The average U.S. consumer now enjoys a larger and higher-quality home than ever before. In 2001, the average home was 1,693 square feet, while in 1960 it was less than 1,200 square feet. In 2001, 58 percent of homes had three or more bedrooms, and 57 percent had 1.5 or more bathrooms. Compare that with 1970, when fewer than half of homes had three or more bedrooms and only 30 percent had 1.5 or more bathrooms. Housing amenities have also improved. In 2001, 76 percent of homes had a washing machine, 73 percent had a dryer, 56 percent had a dishwasher, and 44 percent had a kitchen sink garbage disposal; 58 percent of homes had a garage, and 80 percent had an outdoor deck or patio. In 2001, 82 percent of homes had some form of air-conditioning and 55 percent had central air; in 1970, only 36 percent of homes had airconditioning and 11 percent had central air. Housing has improved almost across the board. Now, 98.7 percent of homes have complete plumbing that includes sinks, hot water, and flush toilets compared with 93.5 percent thirty years ago. The improvement has been especially dramatic for low-income households. University of California at Berkeley professors Quigley and Raphael (2003) report that the percentage of homes occupied by the poorest onefifth of income earners that have incomplete plumbing declined from 40 percent in 1963 to essentially zero today.

While the size and quality of homes have increased, so have prices.
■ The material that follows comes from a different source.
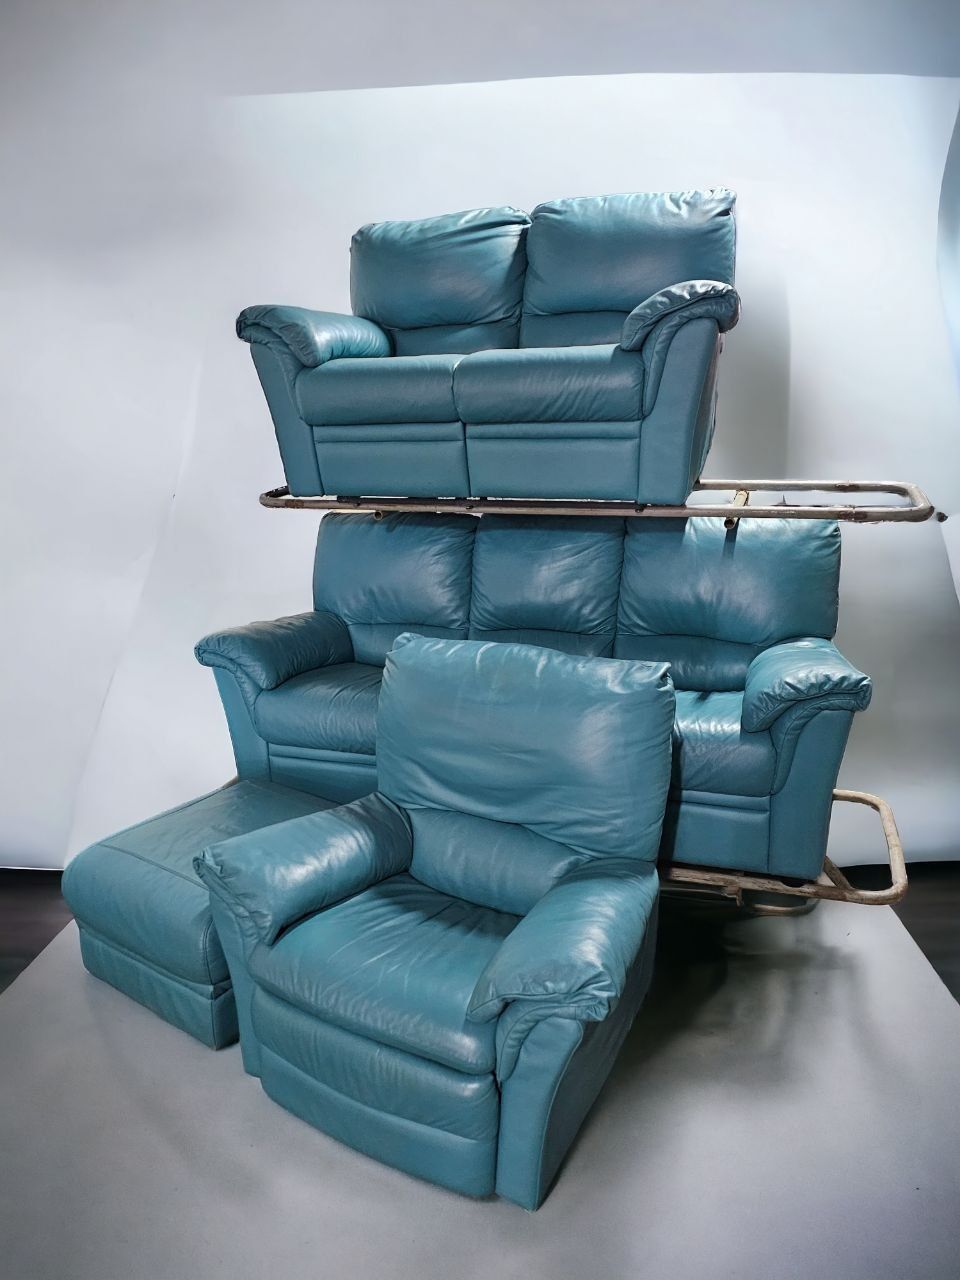 Кожаные диваны  двух , трехместный   и  кресло реклайнеры.   Бирюзовый

Between 1970 and 2001, the median price of owner-occupied housing rose from $78,051 to $123,887 (in 2001 dollars), leading a number of groups to declare a national affordability crisis. But despite noticeable price increases, housing is not necessarily unaffordable. The U.S. Census’s 2001 American Housing Survey estimates the cost of owning the median home at $725 per month. If 30 percent of income is spent on housing, any household earning $29,000 per year can purchase the median home. Median household income in the United States is much higher, at $41,994, and so spending $8,700 per year on the median home is well within reach. Although a nationwide affordability crisis does not exist, the numbers in certain regions are less rosy. In many areas of California and the Northeast, for example, housing is much more expensive than in the rest of the United States.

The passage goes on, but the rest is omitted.